PagedAttention. Key vLLM innovation: KV-cache managed like virtual memory in OS, without fragmentation. Enables processing parallel requests with different context lengths without extra memory copying. Result: 2-4x throughput versus naive HuggingFace Transformers inference.
Continuous batching. Requests added to batch as they arrive, not waiting for full batch. Reduces latency under uneven load.
Typical numbers on A100 80GB for Llama-3 8B (bf16): 400-600 req/s (output tokens/s), P50 latency 200-400ms, P99 latency 600-900ms at concurrency 64. For 70B on two A100 80GB with tensor parallelism: 80-120 req/s, P99 latency 1.5-2.5s.
Quantization via AWQ or GPTQ reduces memory 2x with quality degradation within 1-3% on most benchmarks. On A10G (24GB) this allows running 13B model where non-quantized only fits 7B.
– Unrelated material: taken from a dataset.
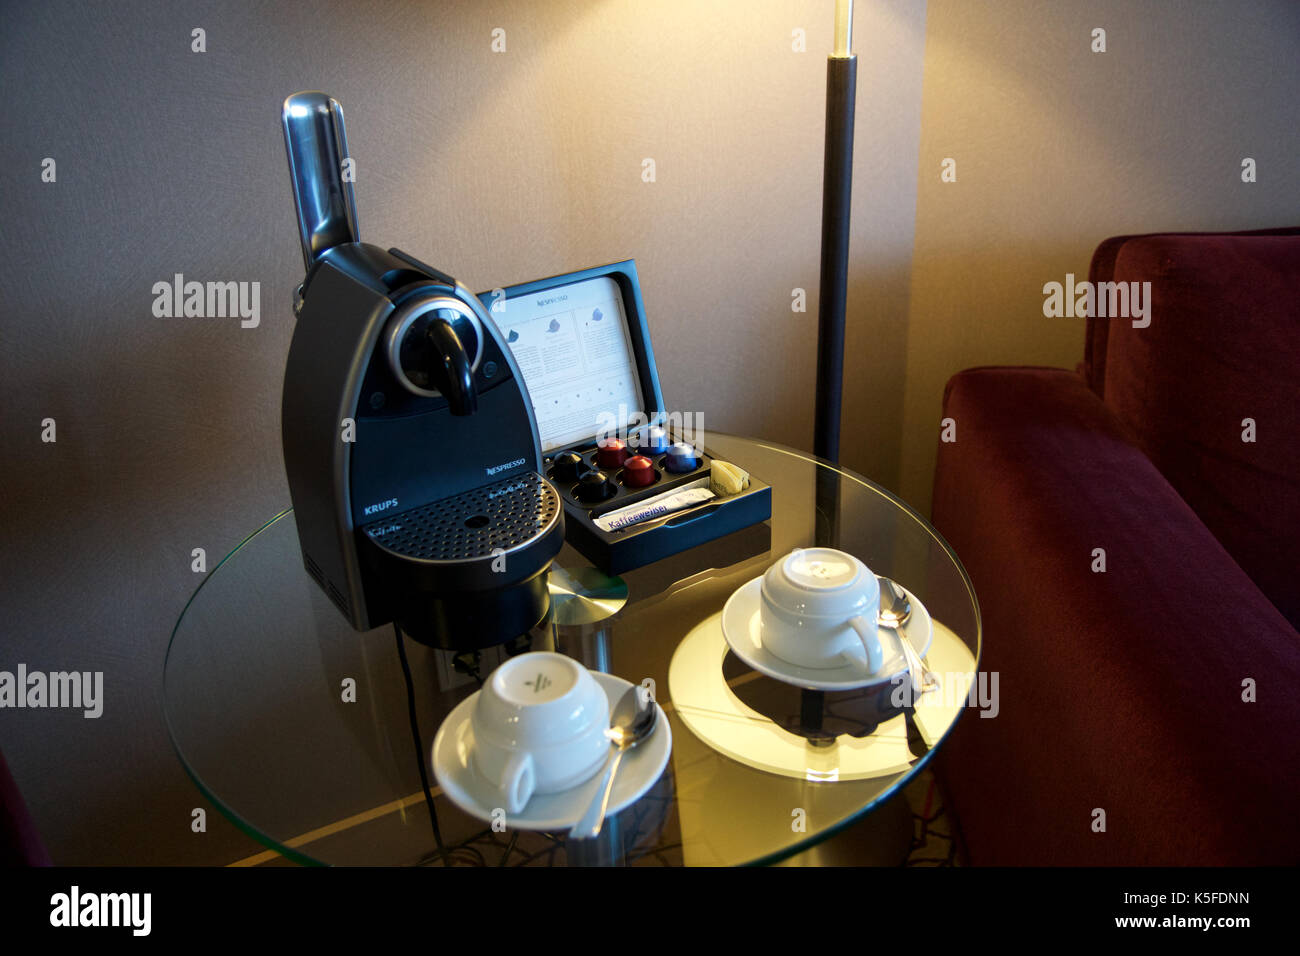 Mainz, Allemagne - May 8th, 2017 : machine à café capsule moderne pour faire des d'espresso dans une suite hôtel de luxe Banque D'Images

Deployment monitoring. Log: latency (P50/P95/P99), throughput (tokens/s), queue depth, cache hit rate. Grafana + Prometheus standard. vLLM exports metrics natively in Prometheus format.
Base Model Selection
| Model | Parameters | Strengths | Context |
|---|---|---|---|
| Llama-3.1 8B | 8B | Quality/speed balance | 128k |
| Llama-3.1 70B | 70B | Complex reasoning | 128k |
| Mistral 7B / Mixtral 8x7B | 7B / 47B | Efficiency per size | 32k |
| Qwen2.5 72B | 72B | Code, multilingual | 128k |
| Gemma 2 27B | 27B | Open license | 8k |
Fine-tuning 8B model suffices for most tasks. 70B needed when task requires deep reasoning or baseline 8B doesn't reach required quality even after fine-tuning.
Project Workflow
Task audit. Formalize exactly what model should do, collect 100+ real examples as eval dataset. Without eval you can't measure progress.
Baseline via prompt engineering. Test OpenAI/Anthropic API with well-tuned system prompt. Often sufficient. If not — see concrete gap, understand what needs change.
RAG or fine-tuning. If problem is knowledge of specific documents — RAG. If problem is style, format, specialized vocabulary — fine-tuning. Often need both.
Training and validation. Prepare dataset, run training with tracking in W&B, evaluate on holdout and real user queries.
Deployment and monitoring. vLLM on own infrastructure or managed inference (Together, Replicate, Modal). Setup alerts on latency and quality.
Timelines: basic RAG prototype — 1-2 weeks. Fine-tuning with customer data — 3-6 weeks (including data prep). Production system with monitoring and retraining — 2-4 months.